*** Opening SOURCE INFORMATION ***
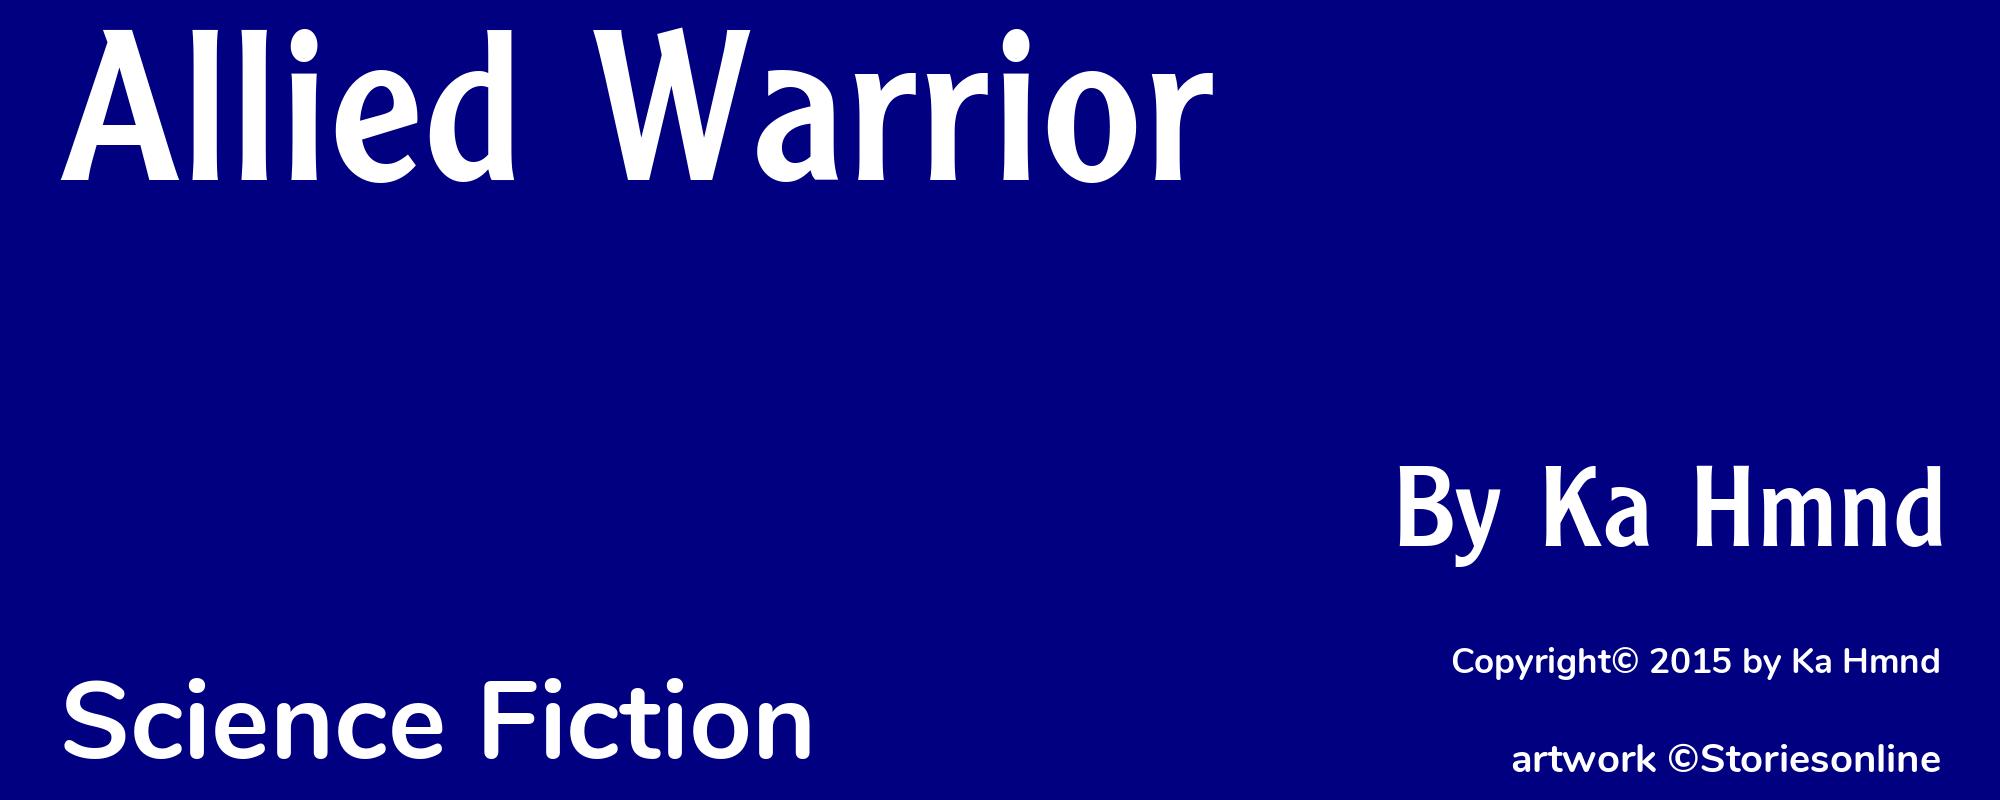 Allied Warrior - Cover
*** Closing SOURCE INFORMATION ***
*** Opening SOURCE INFORMATION ***
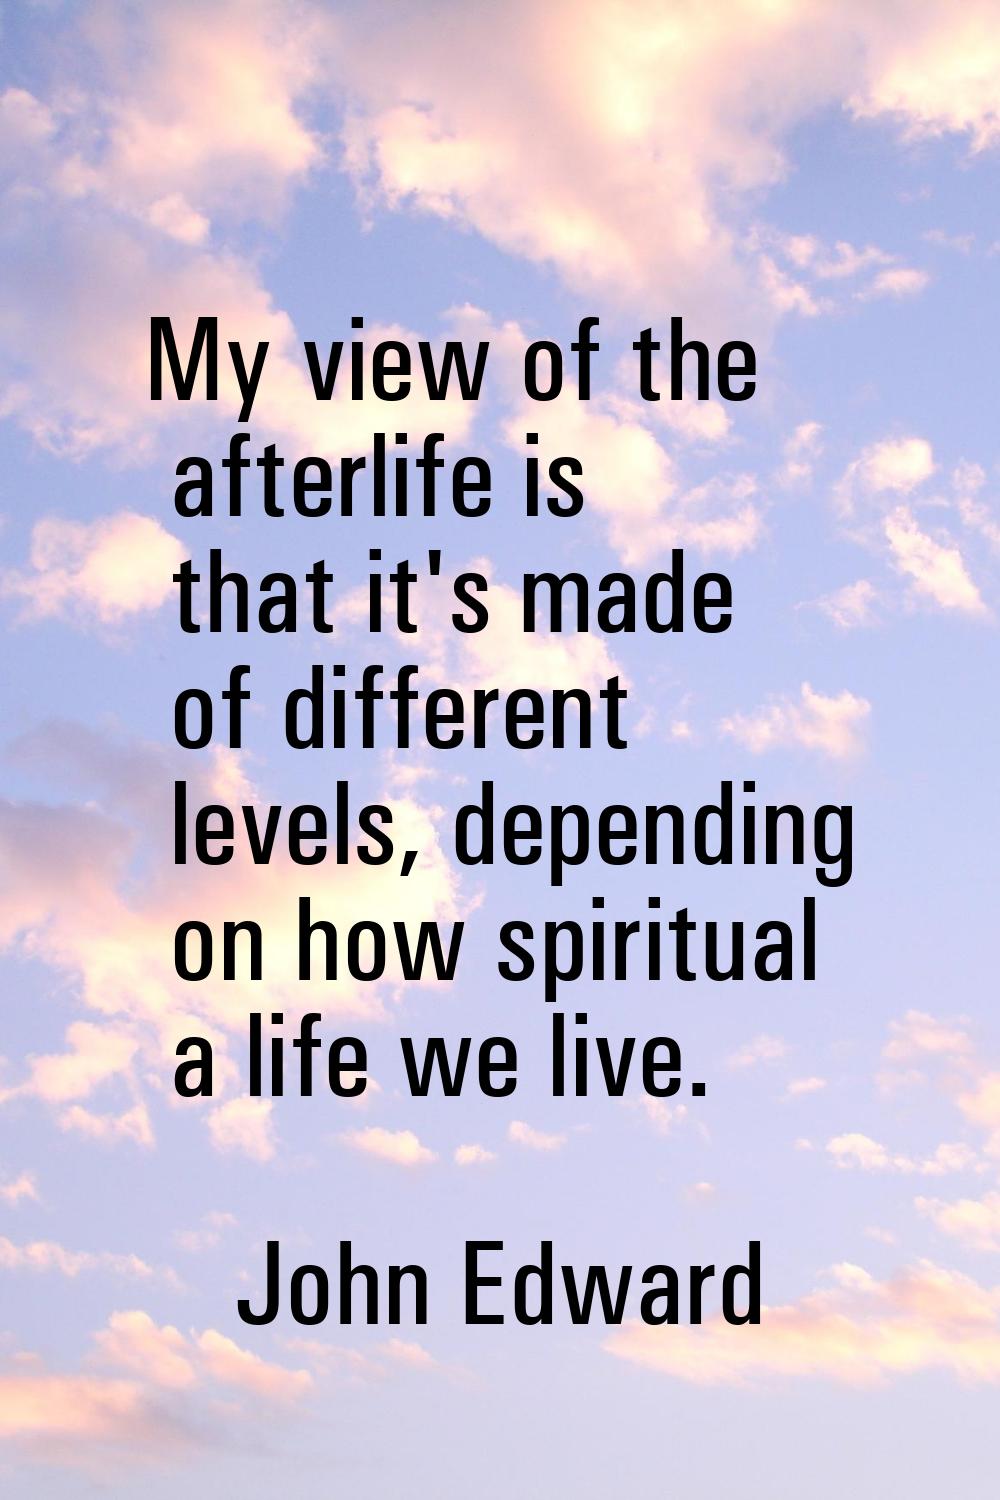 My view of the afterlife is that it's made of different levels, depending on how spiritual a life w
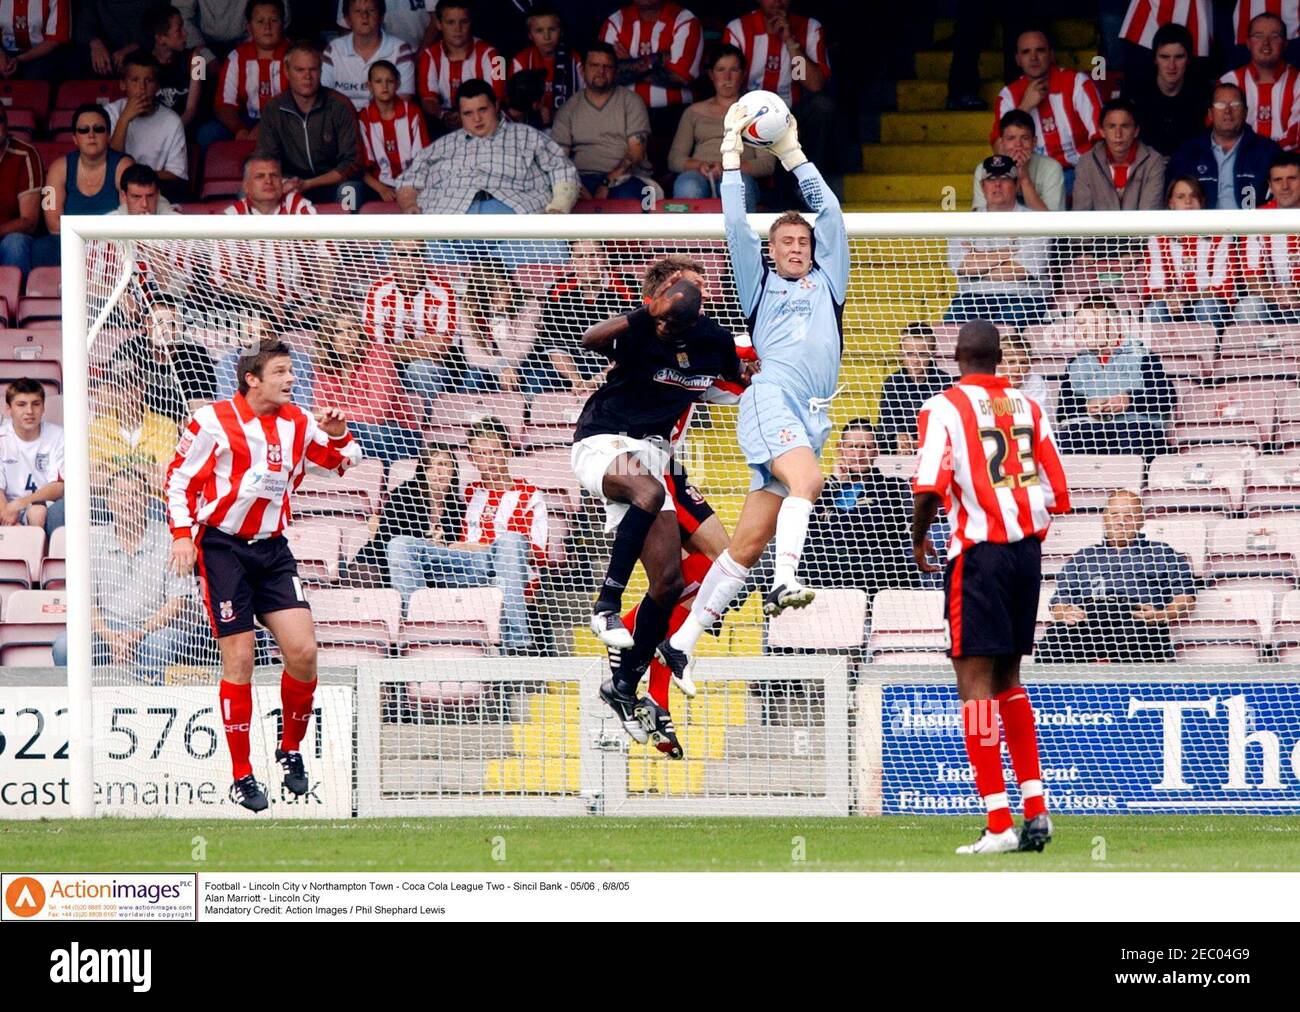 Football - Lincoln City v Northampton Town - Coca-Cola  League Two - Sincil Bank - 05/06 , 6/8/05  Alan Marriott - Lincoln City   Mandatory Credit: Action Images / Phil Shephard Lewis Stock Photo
*** Closing SOURCE INFORMATION ***
Starting at the line above that has "My view of the" and ending at the line that has "Football - Lincoln", copy each line exactly, leaving the pictures out and adding nothing.

• _OUTPUT FOR THIS TASK_
 My view of the afterlife is that it's made of different levels, depending on how spiritual a life w
 Football - Lincoln City v Northampton Town - Coca-Cola  League Two - Sincil Bank - 05/06 , 6/8/05  Alan Marriott - Lincoln City   Mandatory Credit: Action Images / Phil Shephard Lewis Stock Photo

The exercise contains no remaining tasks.